Ignoring white identity politics has tended not to work. But a brief conversation with Jared Taylor was enough to reveal the fundamental contradiction at the heart of his movement. Dialogue may not be the best way to reach Low Human Capital, but I’m convinced that it can help higher quality people understand that there is nothing for them on the identitarian right.
Jared apologising for besmirching the good name of obese West Virginians was highly reminiscent of a wokester apologising for being too truthful about a minority group. Instead of holding people to standards and telling the truth you prioritise racial loyalty/political ideology. Sad!
There are a lot of not so bright ‘white nationalist’ to be fair, but there are also lots of dumb liberals and leftists too. Most average libs don’t read The Atlantic, The New Yorker, or The New York Review of Books. Most liberals are midwits who follow The Young Turks or Rachel Maddow.

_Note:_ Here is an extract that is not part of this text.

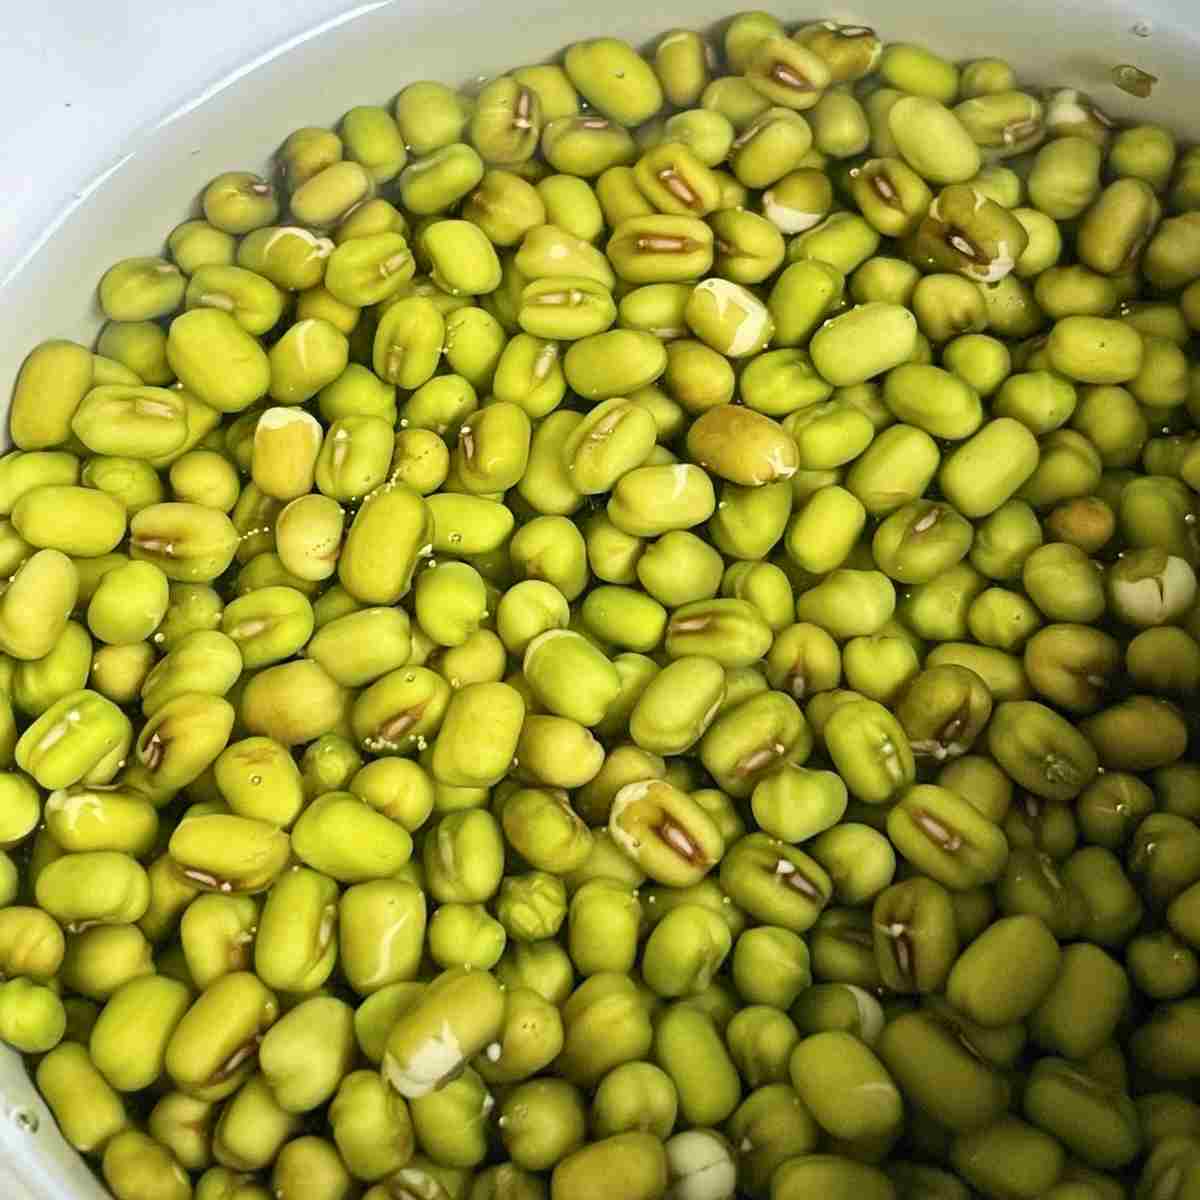 Soaked mung beans
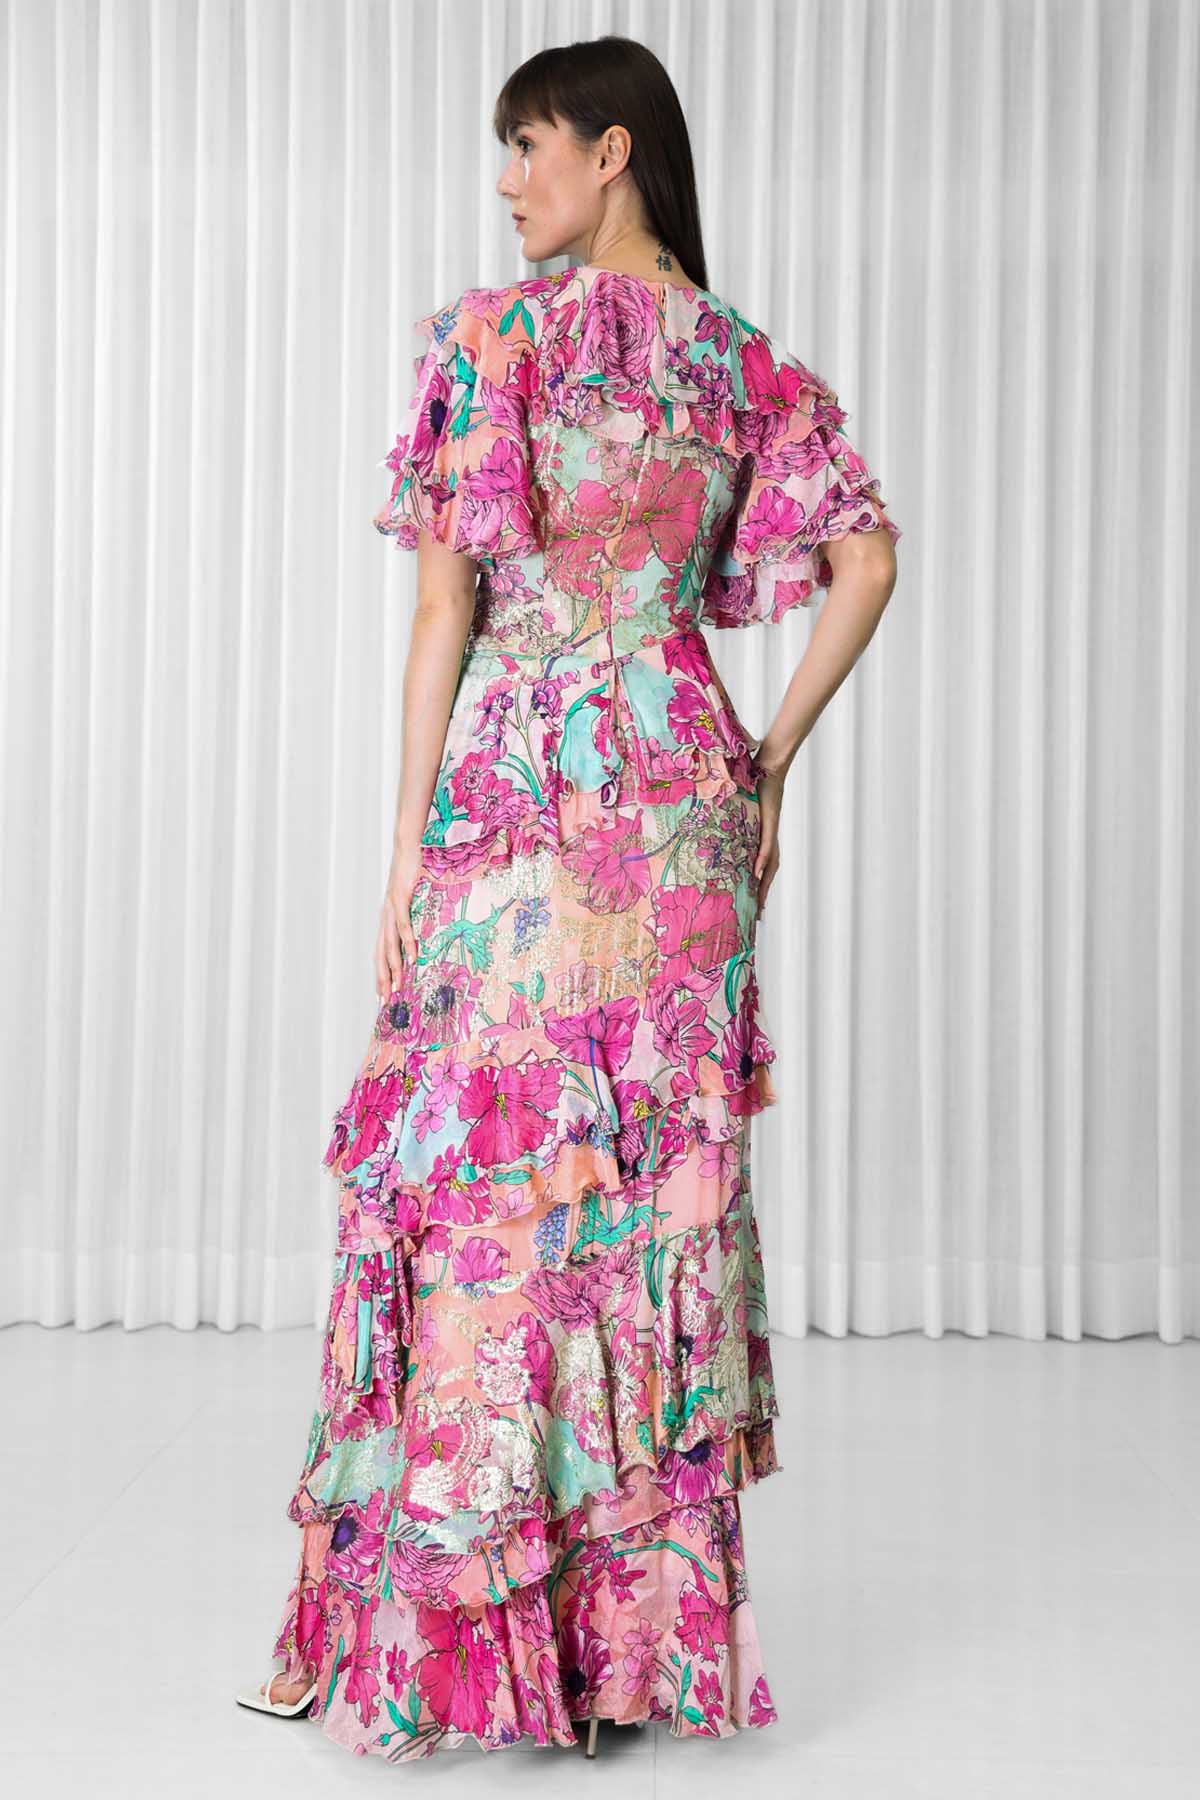 Hisbiscus Printed Chiffon Dress

Most white nationalists or Identitarians aren’t religious and don’t glorify ‘proles’ or people involved in self-destructive or dysfunctional lifestyles. On the other hand, many are not rather nasty, vicious elitists like Hanania who have zero gratitude for people who keep his toilets unclogged, roads clear of debris, and ensure he and his family can find adequate provisions at their local grocery store. No, they aren’t at all egalitarians but simply think everyone within their particular place has a place with dignity regardless of credentials or social position and makes contributions in their own way. Many also think that fast-talking lawyers, hedge fund managers, or corporate executives aren’t inherently better or superior to someone maintaining roads, sanitation, or ensuring Richard gets his nice cup of coffee in the morning.